Breast implant information law clears committee
PHOENIX - Women who want to get breast implants would be required to get more information about the side effects, under the terms of legislation approved Wednesday by a Senate committee.
But not this year.
The unanimous vote in favor of SB 1439 followed testimony by several women who told the Health and Human Services Committee about the health effects, often lasting years, after they had implants.
More to the point, the women all said that they never were informed of what could go wrong.
No one from any of the manufacturers came to testify against the measure.
There also was no opposition from surgeons. In fact, James Nachbar, a Scottsdale plastic surgeon and attorney, told lawmakers he supports the measure.
In essence, the measure puts together a group including doctors, manufacturers and patients to come up with an "informed consent checklist'' of what physicians should discuss with patients considering breast implants.

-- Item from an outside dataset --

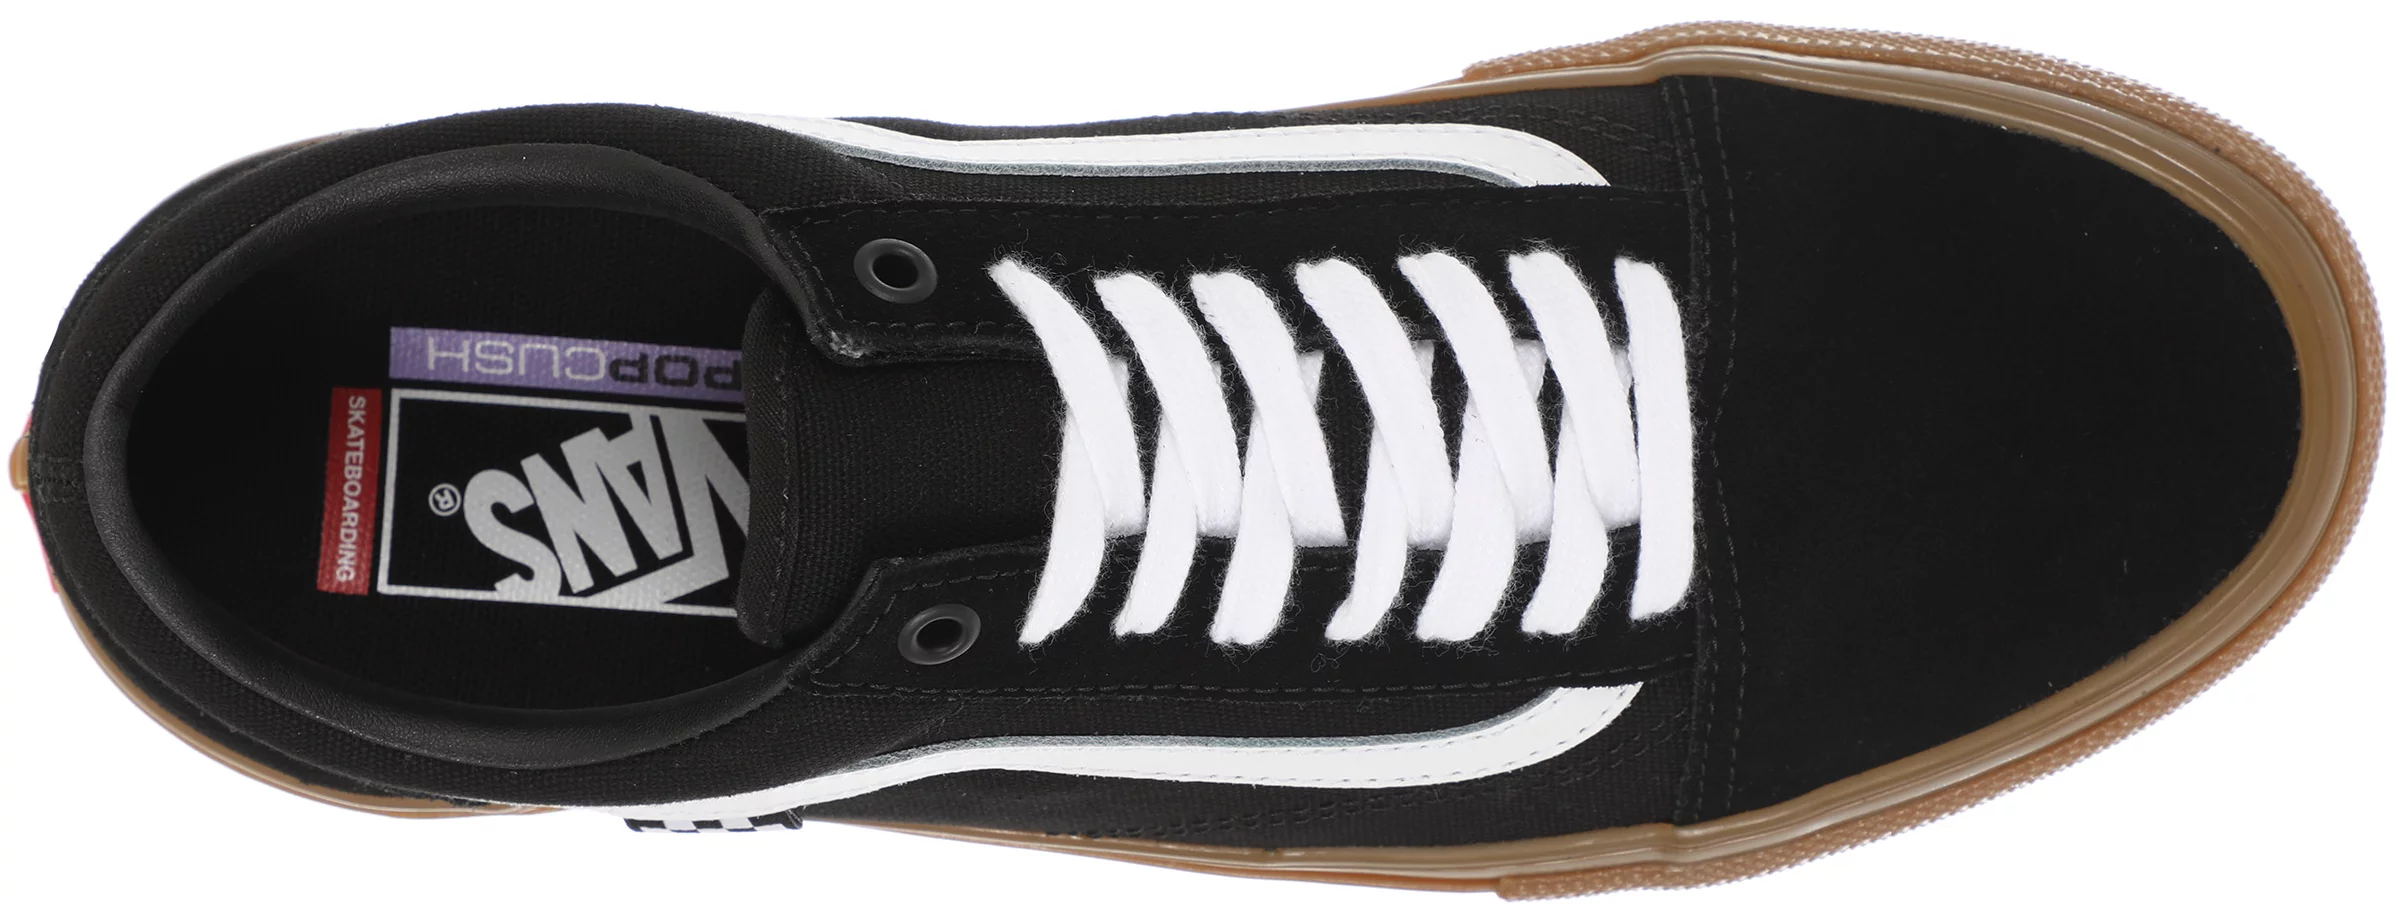 Vans Skate Old Skool Shoes - black/gum - Free Shipping | Tactics

At the very least, the legislation requires that list to include cancer associated with breast implants as well as other breast implant illnesses. And patients would have to be told of the National Breast Implant Registry which keeps track of not only devices that are implanted but also subsequent surgeries.

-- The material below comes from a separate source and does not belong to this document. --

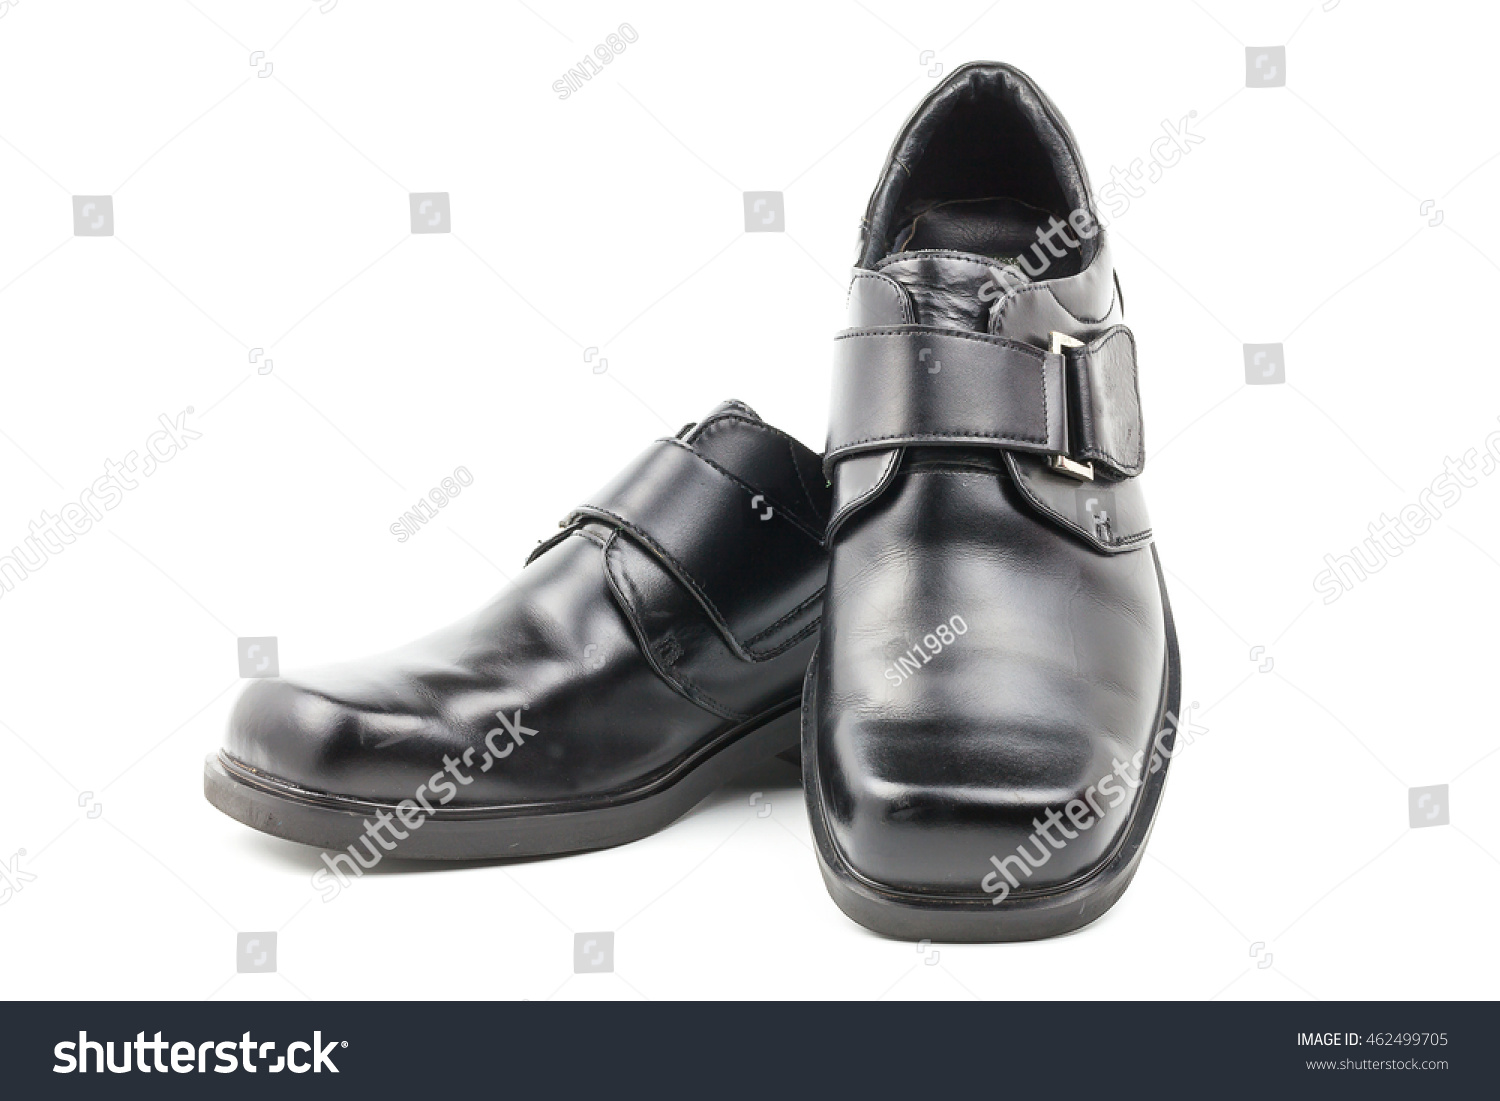 Black Shiny Shoes On White Background Stock Photo 462499705 | Shutterstock

"I asked all the right questions for over a year,'' Lisa Roland told lawmakers.
"I wasn't told about auto-immune conditions,'' she said. "I wasn't given a manufacturer's booklet."
Roland said this isn't a simple matter of requiring a consent form. In fact, she said, the current form used by plastic surgeons is written at the collegiate level.
"It's 13 pages long,'' she said.
"I am health-literate,'' Roland continued. "It took me an hour and 48 minutes to read this thing.''
What SB 1439 would require, she said, is different.
"It clearly spells out all of the risks that I wish I had known before my implant surgery,'' Roland said, the surgery she said left her sick for 18 years.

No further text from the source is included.